▶ [Information]:

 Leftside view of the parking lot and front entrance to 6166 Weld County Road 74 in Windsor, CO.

* * *

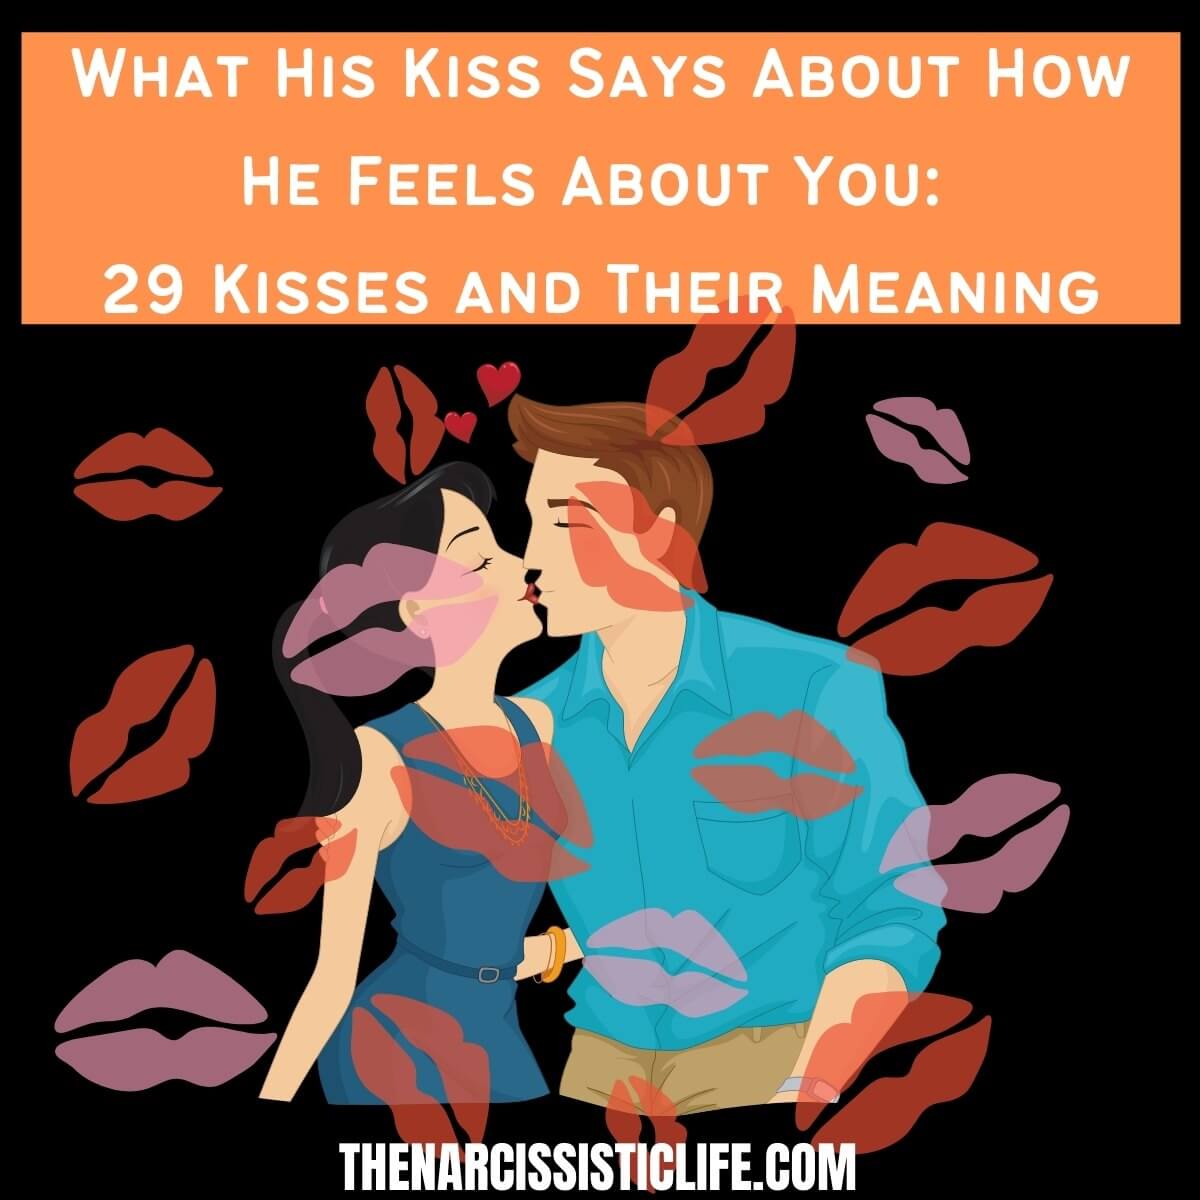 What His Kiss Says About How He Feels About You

* * *

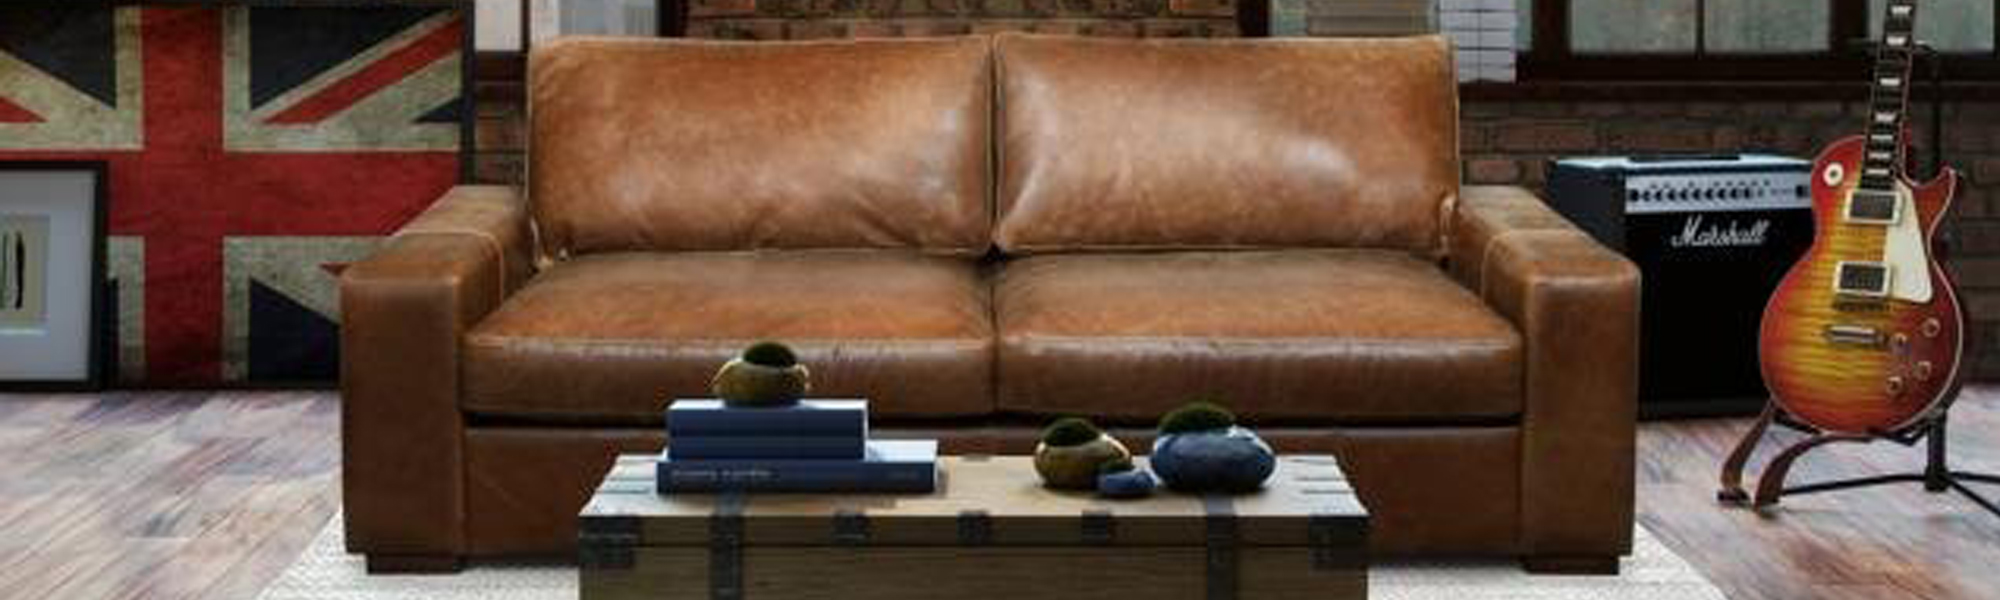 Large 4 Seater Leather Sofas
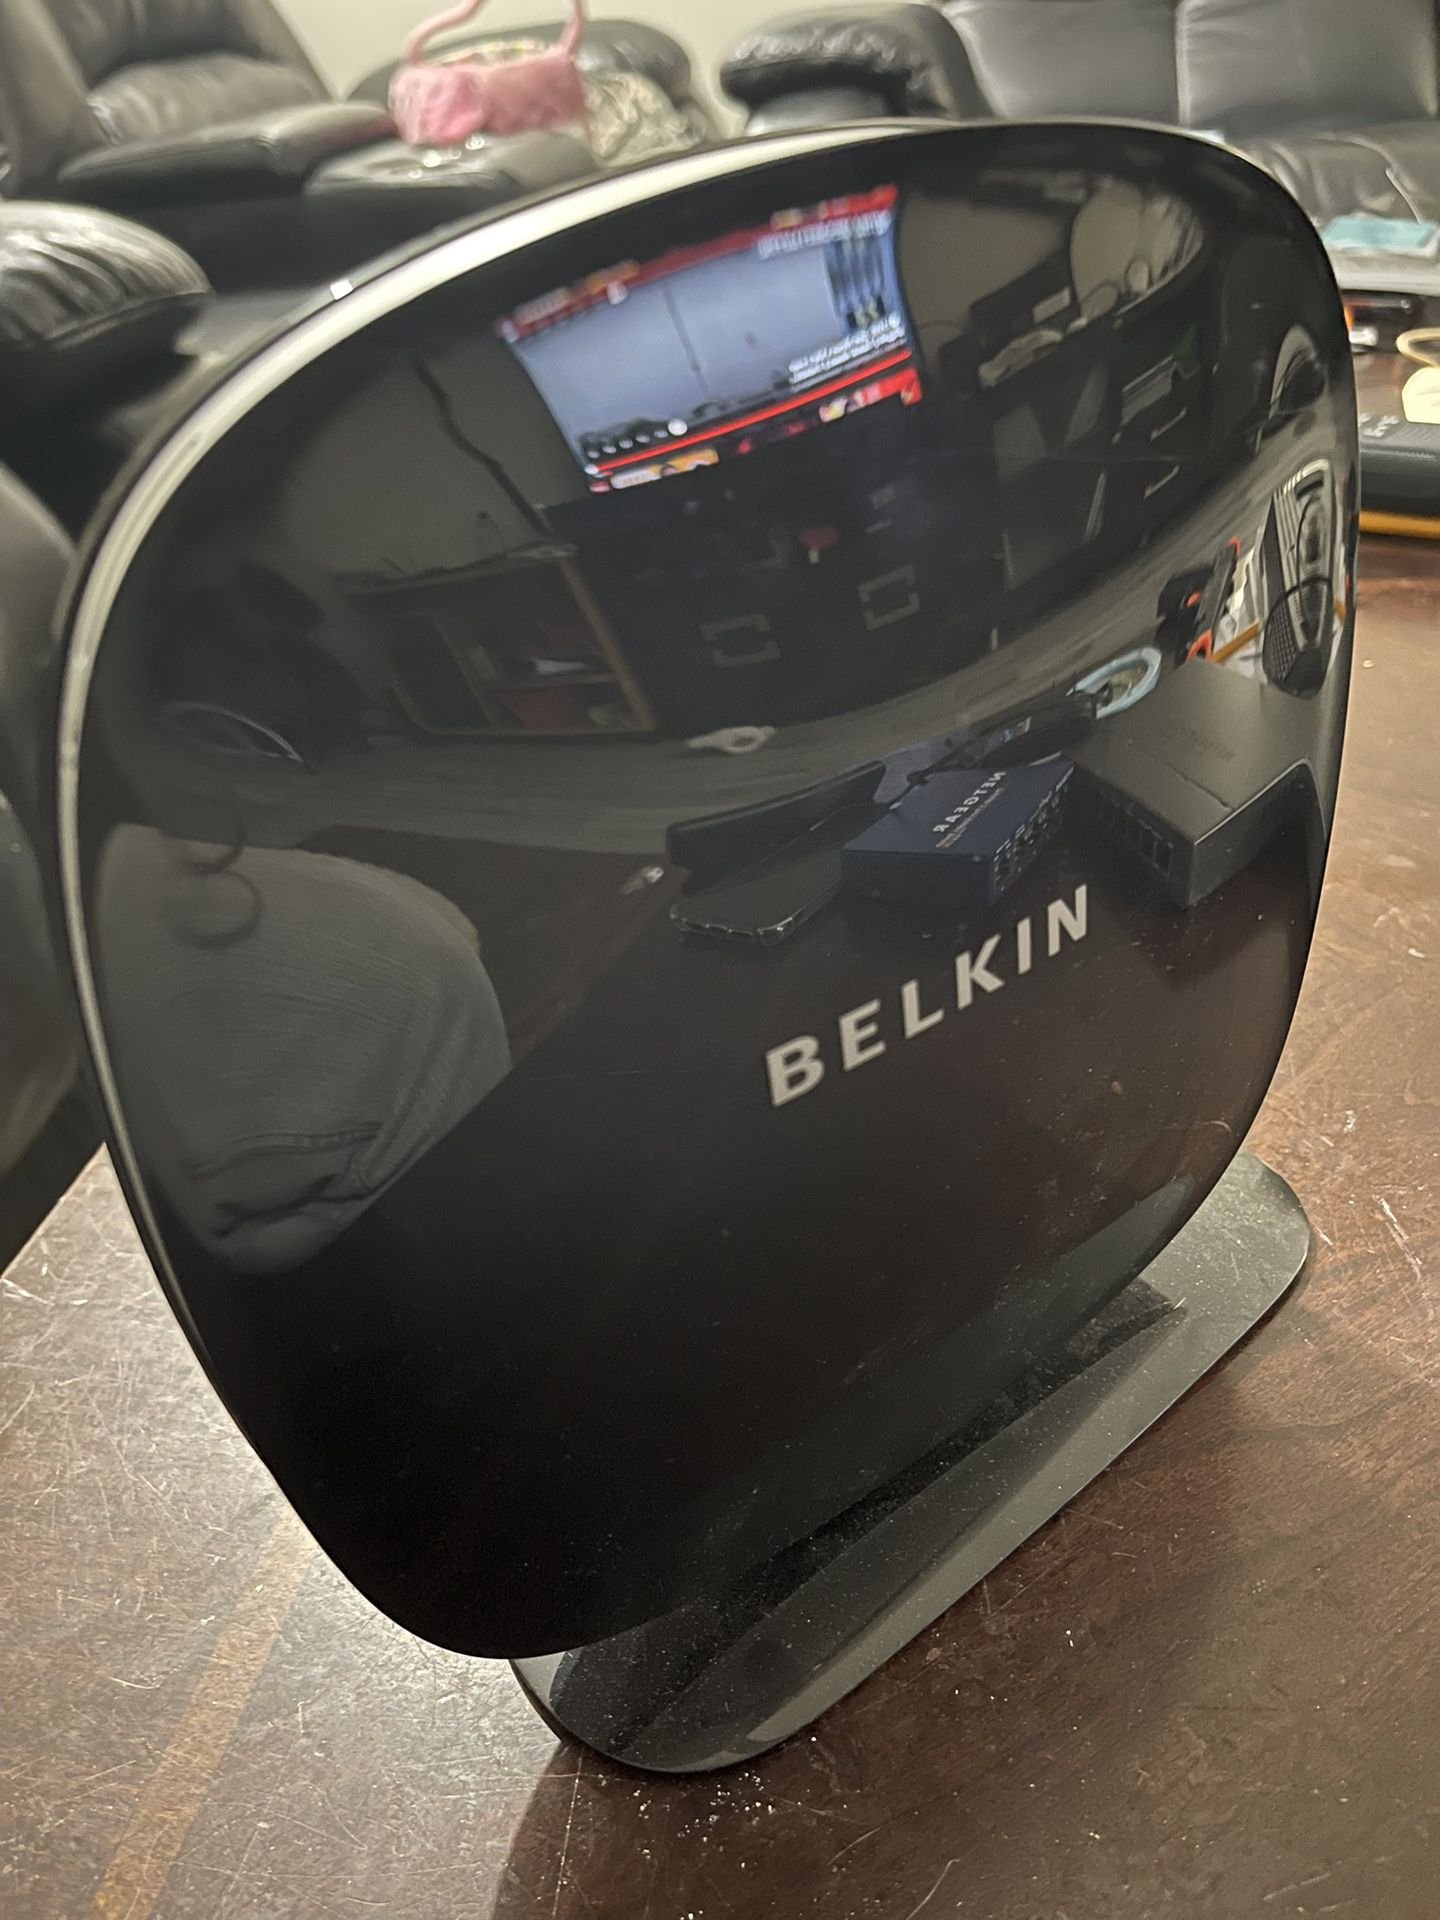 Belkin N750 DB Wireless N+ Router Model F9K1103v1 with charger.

▶ [What you will do]: The reply should hold exactly the lines above, starting at the line with "Large 4 Seater Leather Sofas" and ending at the line with "Belkin N750 DB", and no pictures.

▶ [Expected output]:
 Large 4 Seater Leather Sofas
 Belkin N750 DB Wireless N+ Router Model F9K1103v1 with charger.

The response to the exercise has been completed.